- Born: Norman Allen Adie November 25, 1946 (age 79) Scotland, United Kingdom
- Citizenship: United States
- Occupations: Theater owner and developer
- Employer(s): Rank Organisation; 20th Century Fox; Radio City Music Hall
- Organization: Screen Arts Corporation
- Known for: Operating the Brooklyn Heights Cinema and developing Monroe 6 Cinemas.

= Norman Adie =

American businessman

Norman Allen Adie (born November 25, 1946) is a former theater owner/operator/developer and confessed Ponzi schemer, presently inmate number 64354–054 in the Federal Detention Center (FDC) in Miami, Florida. Born in Scotland, Adie began his career in London with the Rank Organization and Twentieth Century Fox before moving to the United States to work at Radio City Music Hall.

==Career==
Adie founded Screen Arts Corporation and developed his own New York theaters in Times Square and Park Slope, Brooklyn. Adie's decade-long efforts to open a theater in Monroe, New York were delayed by protracted, well-publicized lawsuits and counter-lawsuits resulting from a troubled partnership with One Liberty Properties. "Monroe 6 Cinemas" eventually opened in 2008 but went into receivership three years later after Adie failed to pay the mortgage and property taxes.

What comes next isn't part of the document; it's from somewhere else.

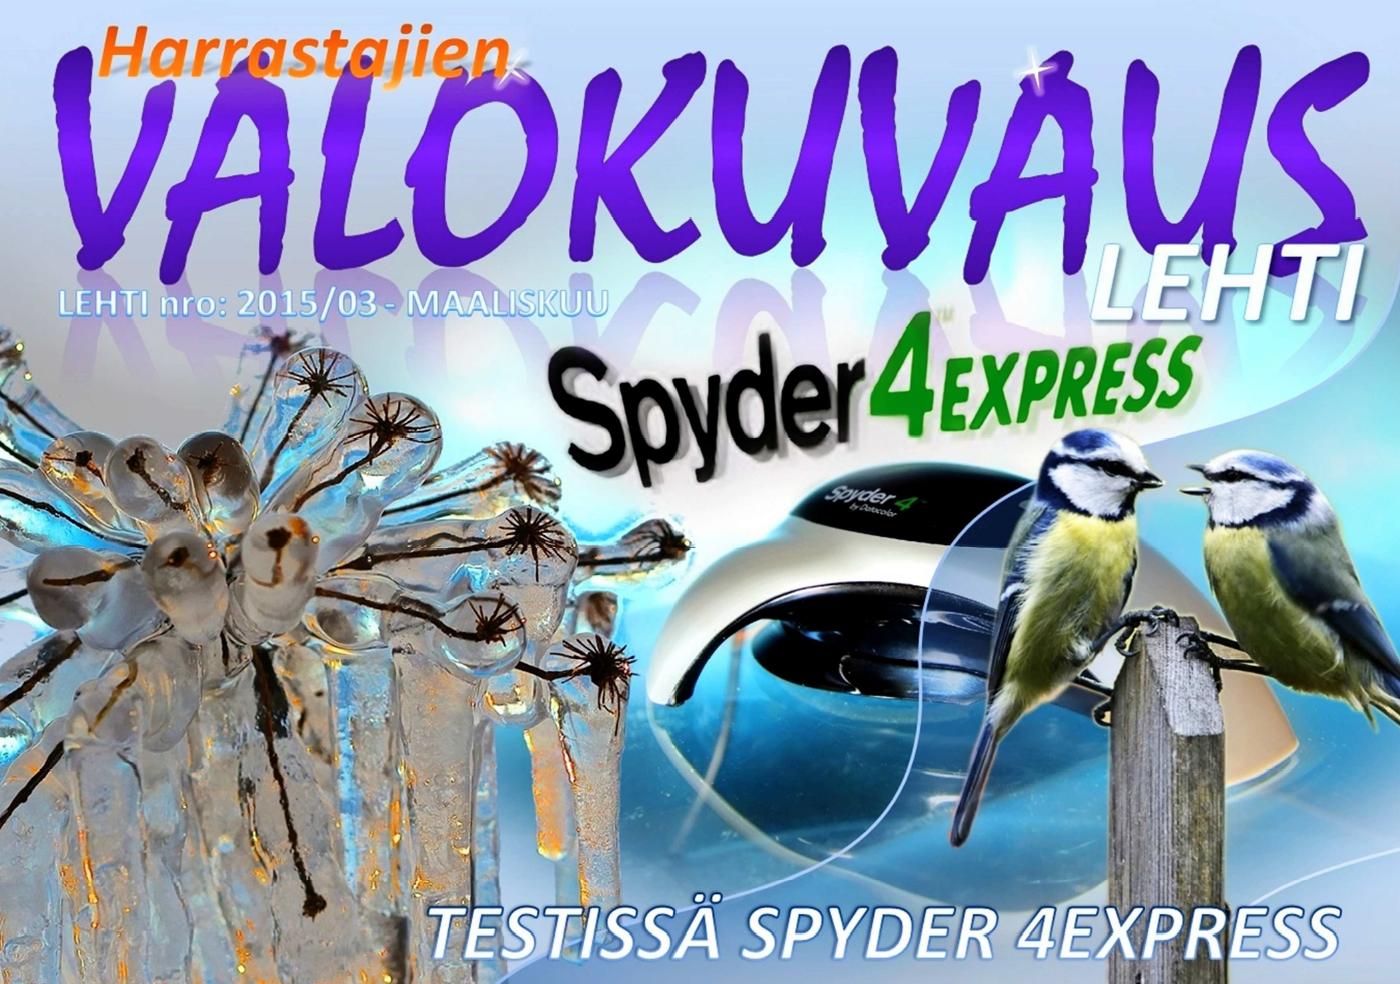 VALOKUVAUS-LEHTI 2015/03
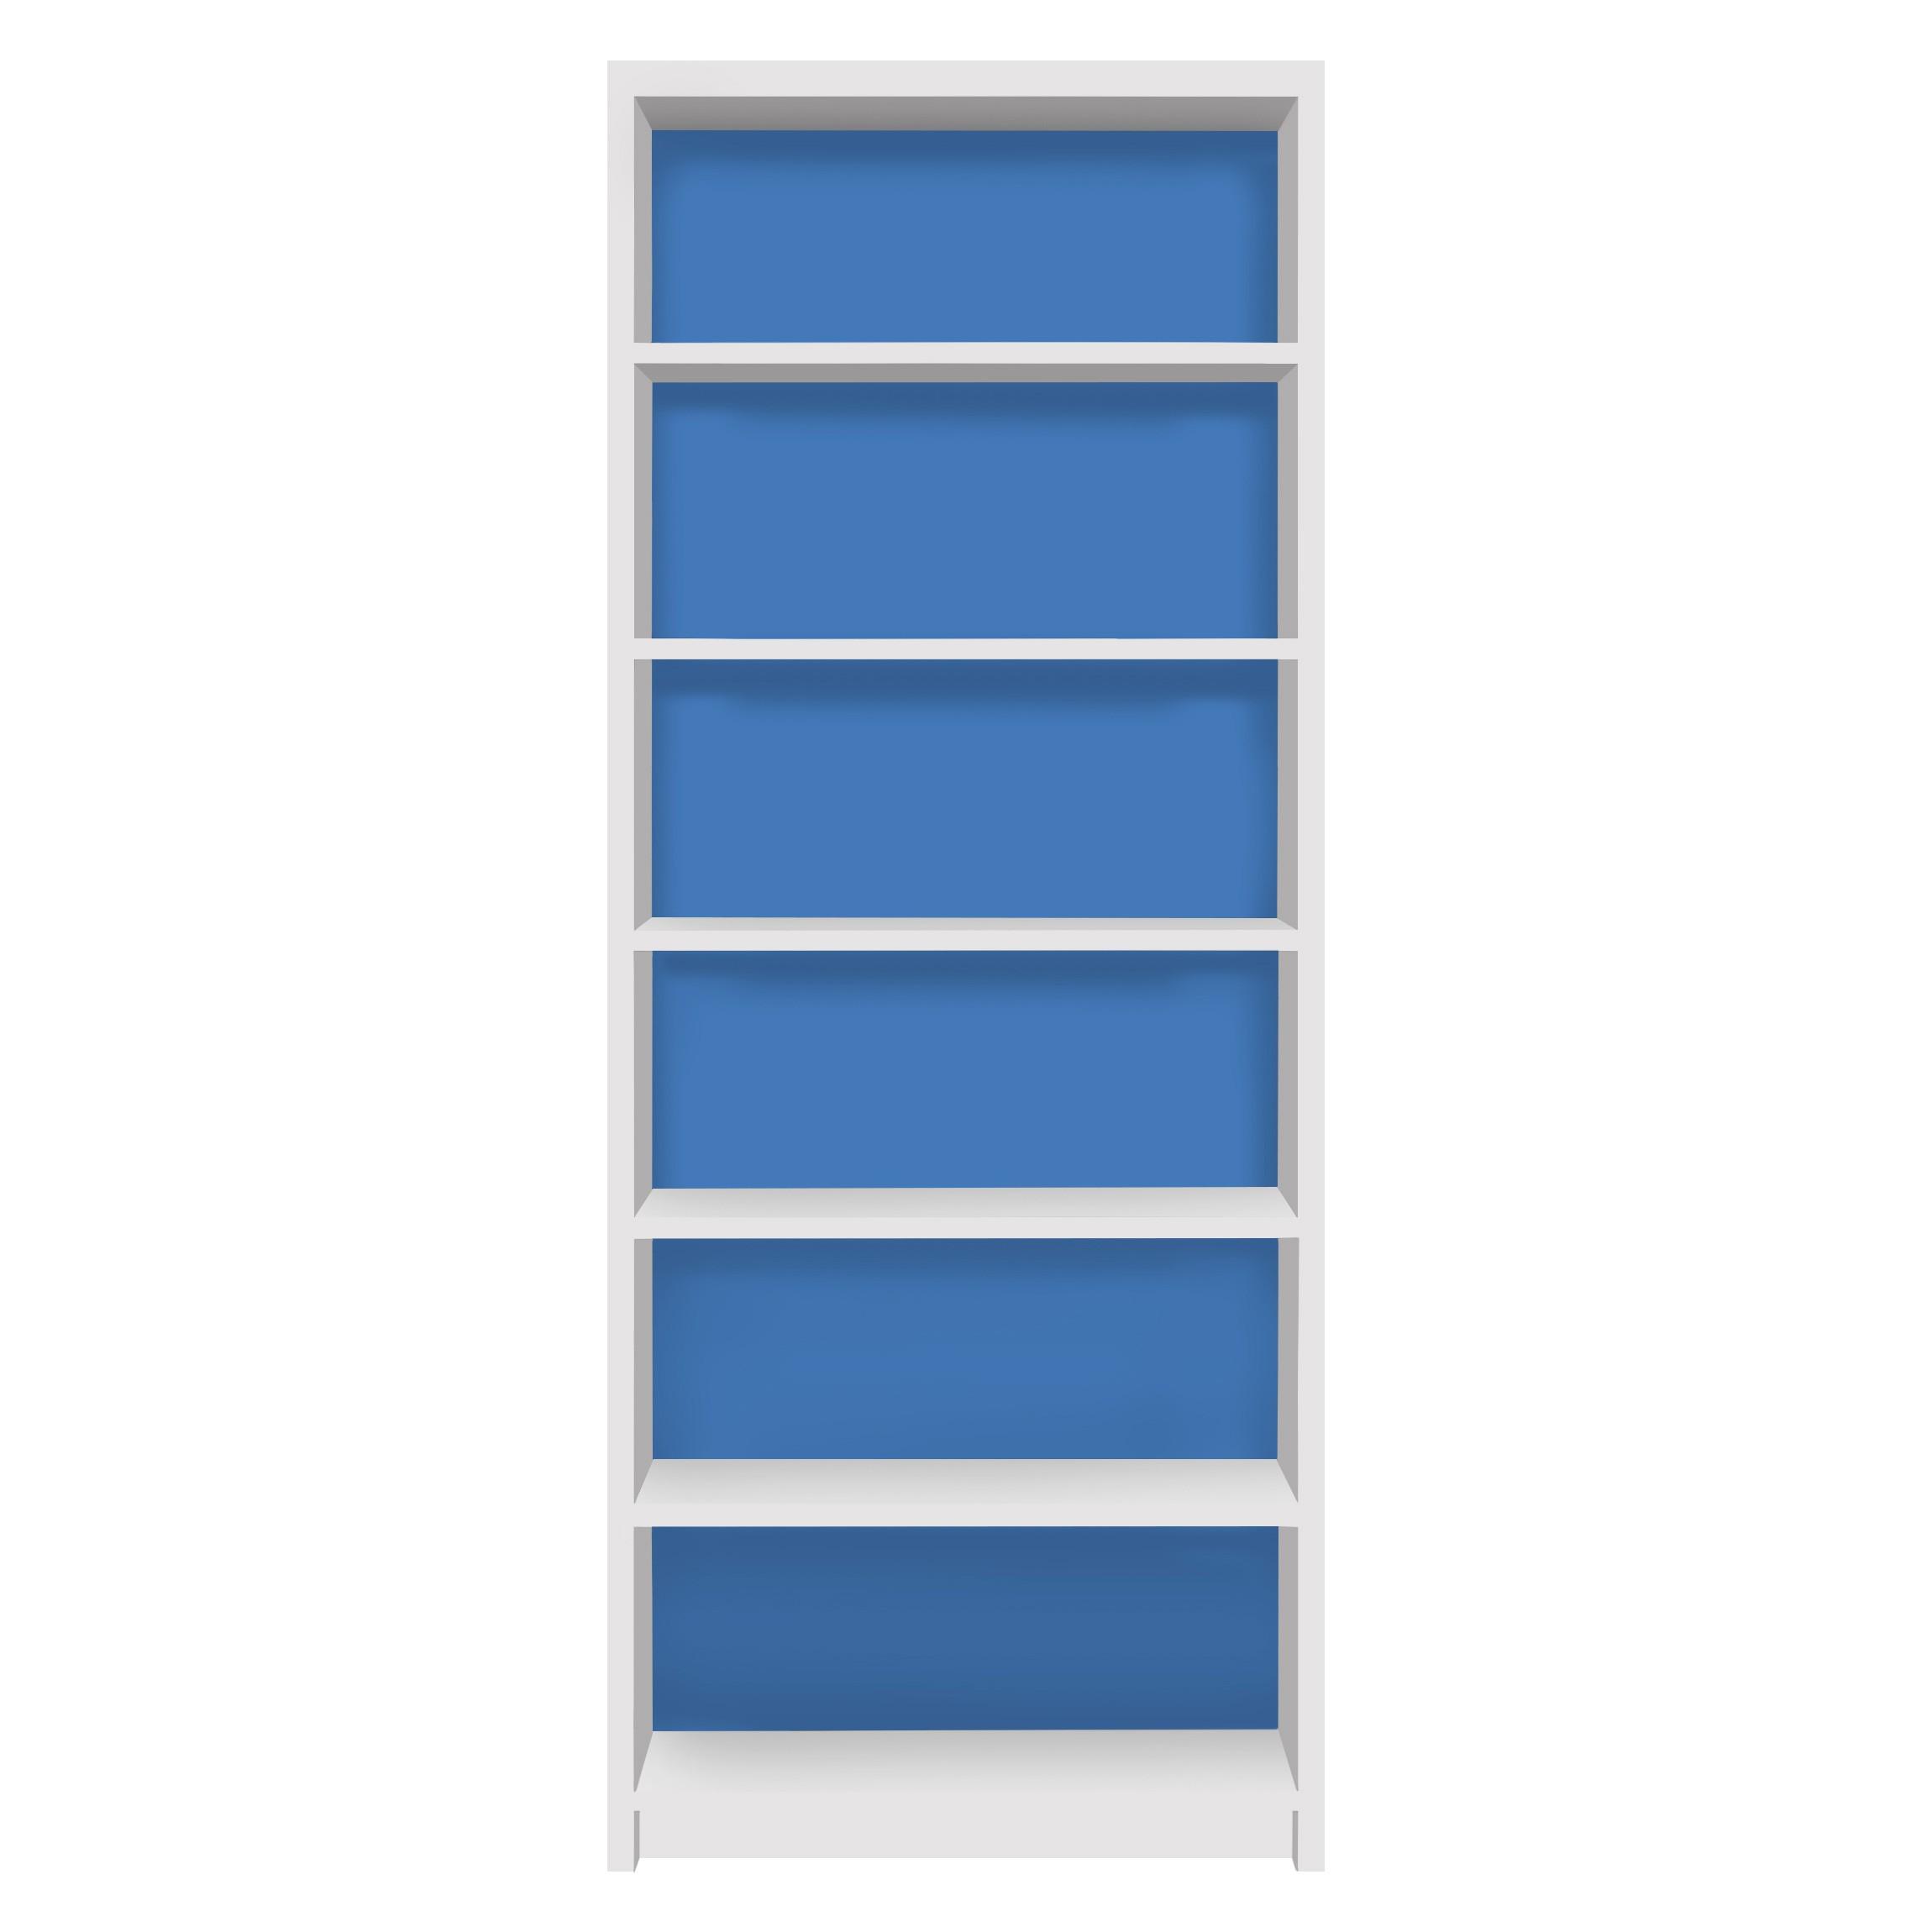 m belfolie f r ikea billy regal klebefolie colour royal blue. Black Bedroom Furniture Sets. Home Design Ideas

Adie operated the Brooklyn Heights Cinema in Brooklyn, New York, for ten years before selling it to Kenn Lowy in 2011 after misappropriating the theater's finances. Adie opened the Foxmoor 7 Cinemas in Marshalls Creek, Pennsylvania in 2006 only to be evicted in 2009 for failing to pay rent. Adie's plans to open a movie multiplex in Matamoras, Pennsylvania in 2008 never came to fruition and resulted in a $12.7 million judgment against Adie in 2009.

==Arrest==
On November 23, 2010, Adie was arrested and charged with Federal securities and wire fraud. He confessed to the charges and was sentenced in May, 2012 to 20 months in Federal prison.